Вдруг прервано наступление; люди врассыпную бегут из разреза, мгновенно очищая поле действия, а через минуту сосредоточенного выжидания там грохнул громкий удар, гулко отдавшись в далеких ущельях и выкинув в высь колоссальный столб брызг воды, камней и осколков вдребезги разнесенной скалы. Новый приступ, новые трофеи победы в виде бесконечной вереницы нагруженных драгоценной добычей вагонеток. Чем-то мирным, отрадным среди этой адской сутолоки и разрушения веет от приютившейся в стороне "бабьей" промывки. Сотня ярких пунцовых, зеленых и лиловых фигур, выстроенных лицом к лицу по обеим сторонам длинных "американок", плавно и методично, как по команде, то подается вперед, налегая на длинные скребки, то откидывается назад, будто отталкиваемая противоположной шеренгой, или все вдруг начинают очищать грохота, дружными взмахами откидывая через плечо накопившуюся обмытую гальку.

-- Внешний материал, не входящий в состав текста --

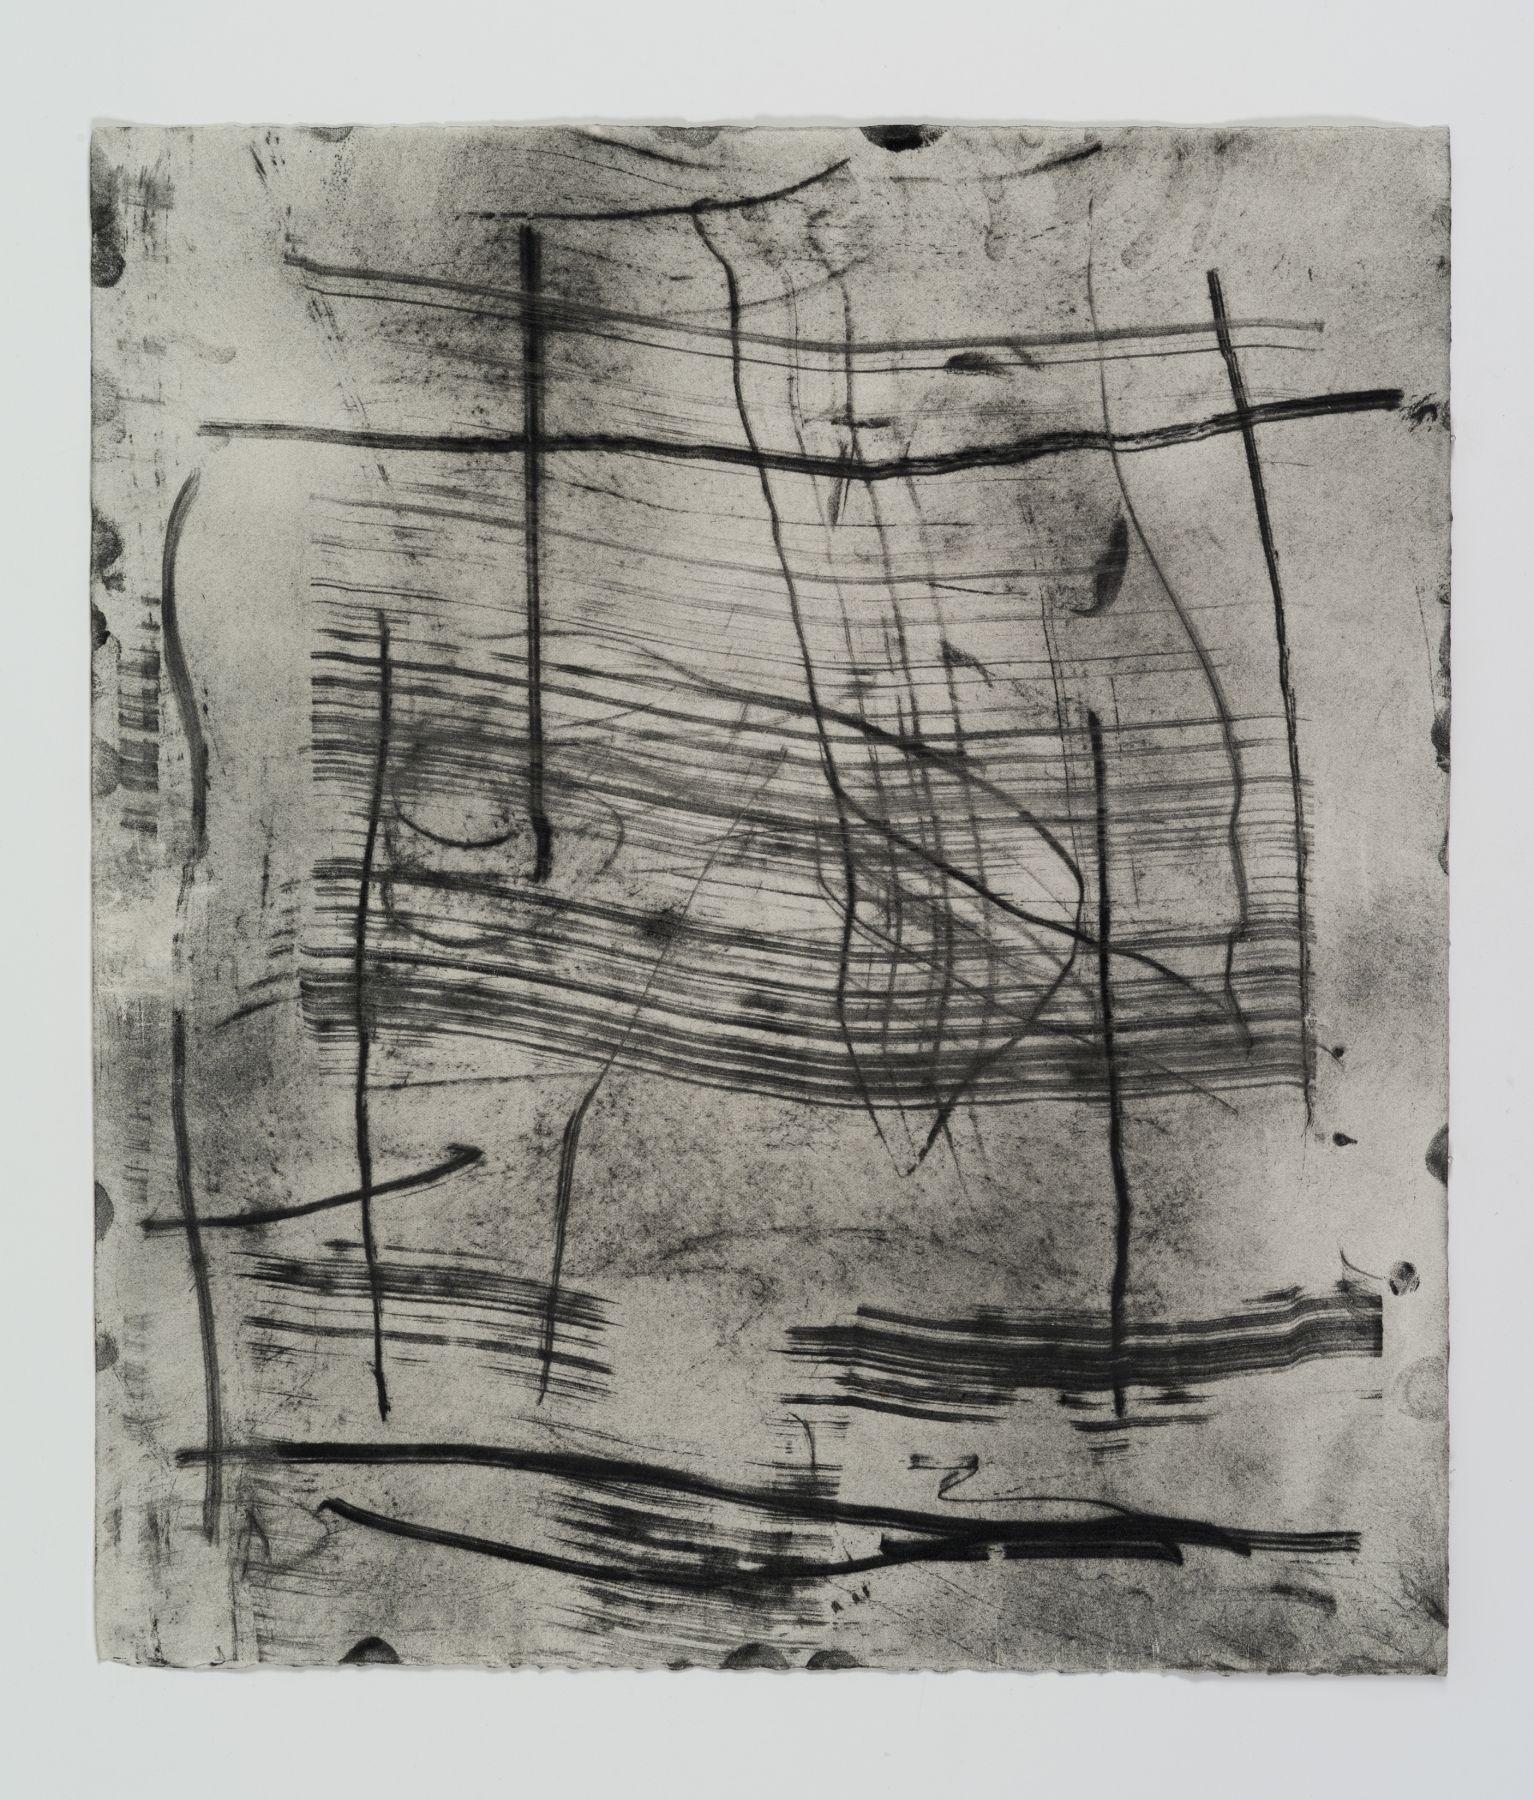 Jack Whitten, Flat Plate Monoprint #3, 1974

Ни одного неловкого движения, ни одного неверного шага: все идет гладко, рассчитанно, как хорошо срепетованный балет. Сотня проворно движущихся скребков, как серебряная, сверкает на солнце; стоголосая, как степь, привольная, как море, безбрежная песня покрывает их лязг и волной разливается по долине.
Солнце поднялось уже на полдень, ослепительно яркими лучами заливая всю эту движущуюся панораму до нестерпимого зноя накаливая спертый в глубокой лощине воздух, пропитанный запахом смолистой хвои сосны, кедра и пихты.
Совершая обычный утренний обход работ, владелец промыслов по своей привычке взобрался на высшую точку целой горой возвышающегося отвала и с самодовольной улыбкой наблюдает оттуда кишащий муравейник прииска, любовным взором провожая тянущиеся к промывкам обозы с богатой добычей. Собственник нового прииска – не старозаветный золотопромышленник – бородач в картузе, что, бывало, не отличишь от рабочей братии, покамест он не начнет, минуя всякие "правила" и "таблицы штрафов", собственноручно учить пьяницу и лентяя или, подгуляв с пудовой намывки, заставит людей петь песни и примется пригоршнями разбрасывать в толпу сотни рублевиков,– нет, это промышленник новейшего времени: уже почтенного возраста капиталист, в рыжих бакенах, с выбритым подбородком и олимпийским величием в надменном взоре.
Окрестные золотопромышленники втайне завидуют его состоянию и умению вести дела; собственным рабочим внушает он трепет и страх своей неумолимой строгостью на почве различных взысканий, вычетов и штрафов; в ревизоре он вызывает сплошное неудовольствие как своею манерою кланяться, не сгибая шеи, и протягивать мизинец руки, не выпуская сигары, так и аккуратным соблюдением всех циркуляров, исключающим счастливую возможность "визитных". Ему нравится русский рабочий своей выносливостью, нетребовательностью. Но он избегает всяких общений с народом вне дела, исключая "бабьей" промывки, приятной ему прежде всего своей дешевизной "со всякой стороны".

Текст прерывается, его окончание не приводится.